A shadow crossed Rose's face and her beauty took on an appealing wistfulness. She had been sheltered always and she hungered for Life as the sheltered often do. Madame Bernard, for the thousandth time, looked at her curiously. From the shapely foot that tapped restlessly on the rug beneath her white lace gown, to the crown of dusky hair with red- gold lights in it, Rose was made for love--and Madame wondered how she had happened to miss it.

"Aunt Francesca," said Rose, with a whimsical sadness, "do you realise that I'm forty to-day?"

"That's nothing," returned the other, serenely. "Everybody has been forty, or will be, if they live."

"I haven't lived yet," Rose objected. "I've only been alive."

"'While there's life there's hope,'" quoted Madame lightly. "What do you want, dear child? Battle, murder, and sudden death?"

"I don't know what I want."

"Let's take an inventory and see if we can find out. You have one priceless blessing--good health. You have considerably more than your share of good looks. Likewise a suitable wardrobe; not many clothes, but few, and those few, good. Clothes are supposed to please and satisfy women. You have musical talent, a love of books and flowers, a fine appreciation of beauty, a host of friends, and that one supreme gift of the gods--a sense of humour. In addition to all this, you have a comfortable home and an income of your own that enables you to do practically as you please. Could you ask for more?"

"Not while I have you, Aunt Francesca. I suppose I'm horrid."

"You couldn't be, my dear. I've left marriage out of the question, since, if you'd had any deep longing for it, you'd have chosen some one from the horde that has infested my house for fifteen years and more. You've surely been loved."

Rose smiled and bit her lip. "I think that's it," she murmured. "I've never cared for anybody--like that. At least, I don't think I have."

"'When in doubt, don't,'" resumed the other, taking refuge in a platitude. "Is there any one of that faithful procession whom you particularly regret?"

"No," answered Rose, truthfully.

"Love is like a vaccination," continued the little lady in grey, with seeming irrelevance. "When it takes, you don't have to be told."

Her tone was light, almost flippant, and Rose, in her turn, wondered at the woman and her marvellous self-control. At twenty-five, Madame Bernard married a young French soldier, who had chosen to serve his adopted country in the War of the Rebellion. In less than three months, her gallant Captain was brought home to her--dead.

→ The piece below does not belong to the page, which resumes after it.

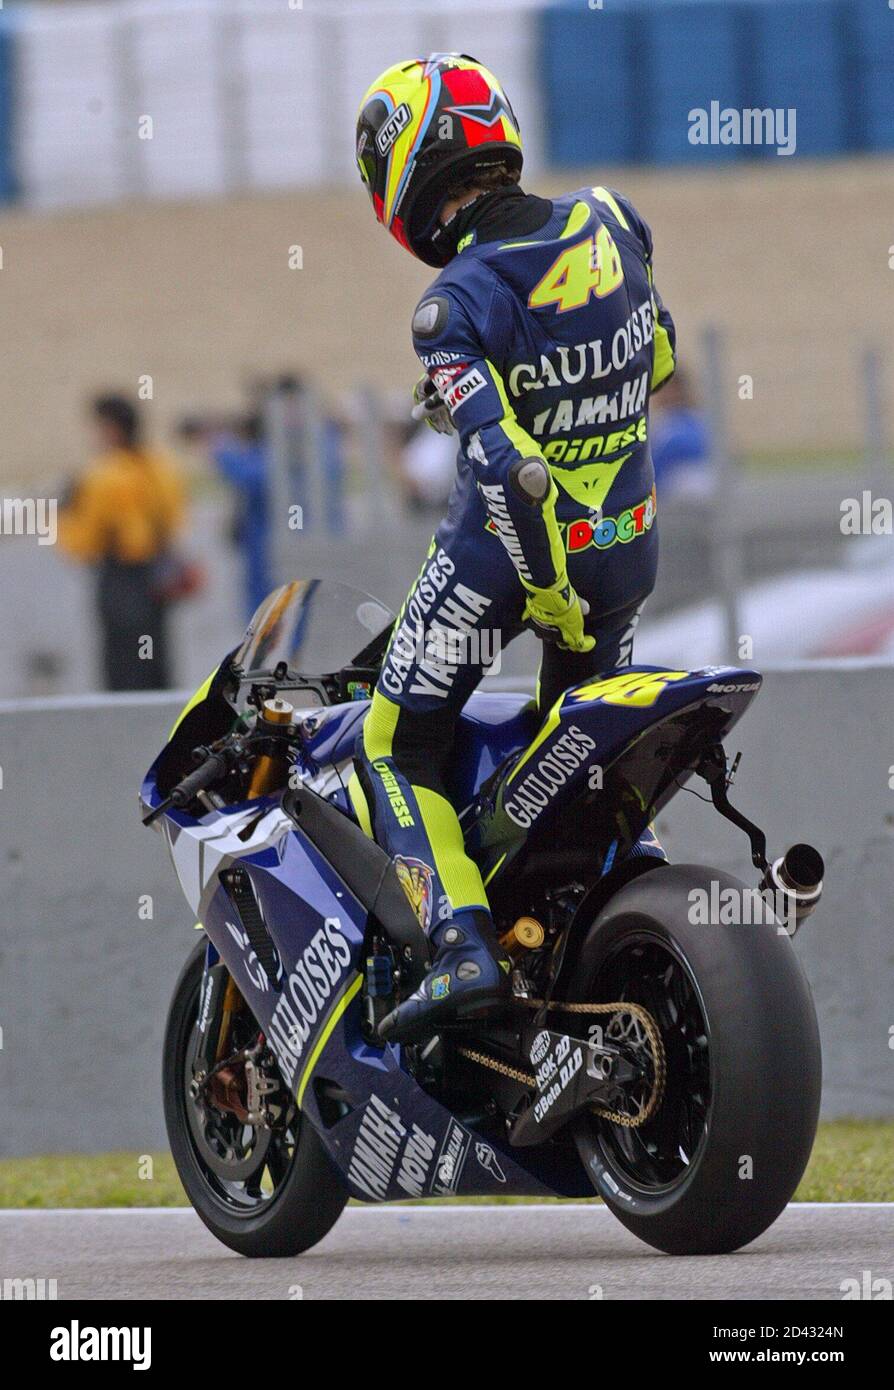 Italian rider Rossi adjusts his pants over his Yamaha motocycle during  practice session for Spain Grand Prix in Jerez. Italian rider Valentino  Rossi adjusts his pants over his Yamaha motorcycle during the

For a long time, she hovered uncertainly between life and death. Then, one day, she sat up and asked for a mirror. The ghost of her former self looked back at her, for her colour was gone, her hair was quickly turning grey, and the light had vanished from her eyes. Yet the valiant spirit was not broken, and that day, with high resolve, she sent her soul forward upon the new way.

"He was a soldier," she said, "and I, his wife, will be a soldier too. He faced Death bravely and I shall meet Life with as much courage as God will give me. But do not, oh, do not even speak his name to me, or I shall forget I am a soldier and become a woman again."